Ontmoeting in dromen
De dagen en nachten blijven voorbijgaan, met onze ontmoetingen beperkt tot dromen, waar we vasthouden aan de hoop om op een dag herenigd te worden in een wereld vrij van angst, onderdrukking en onrecht. In deze dromen zie ik ook Raziyah op een dag zijn taak overnemen en het doel nastreven om een egalitaire samenleving te vestigen.
Ik ben een vaste gelover in goddelijke lotsbestemming. En vandaag, op de 35e Kashmir Solidarity Day, een dag waarop mensen over de hele wereld solidariteit betuigen met het Kasjmir-volk, sta ik er zeker van dat dingen zullen veranderen.

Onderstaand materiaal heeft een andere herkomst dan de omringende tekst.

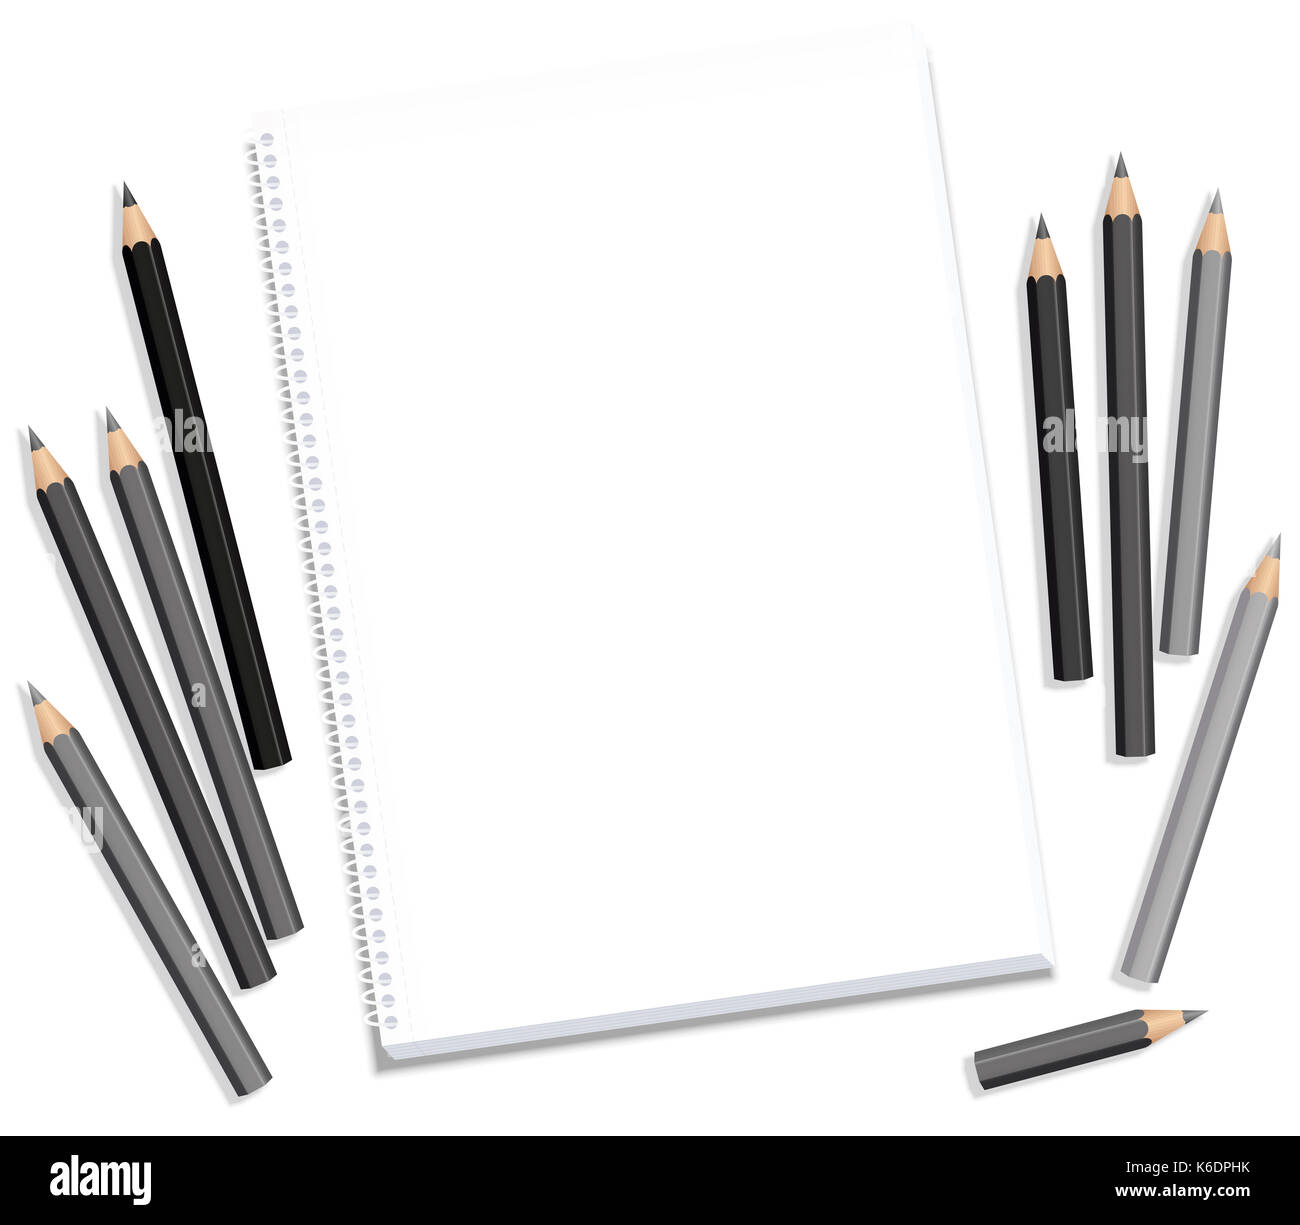 Zeichnung Block und grau Bleistifte - leeres Papier pad Sehnsucht nach künstlerischen Schaffens - Abbildung auf weißem Hintergrund. Stockfoto

Ik weet zeker dat de dag snel zal komen waarop ik niet langer een alleenstaande moeder zal zijn, ik niet langer mijn huishouden, mijn dochter en de politieke strijd voor de vrijlating van mijn man zal moeten runnen, ik niet langer onderworpen zal zijn aan stigma's die een alleenstaande onafhankelijke vrouw worden toegeschreven, zelfs in de 21e eeuw, ik niet langer verstoken zal zijn van een schouder om op te huilen in momenten van pijn en verdriet zoals het overlijden van mijn moeder, en ik niet langer onvruchtbaar zal zijn.
De zon zal weer schijnen op Yasin, en God Willen ook op vele andere Kasjmiri's die onderdrukking ondergaan alleen omdat ze hun recht op zelfbeschikking eisen.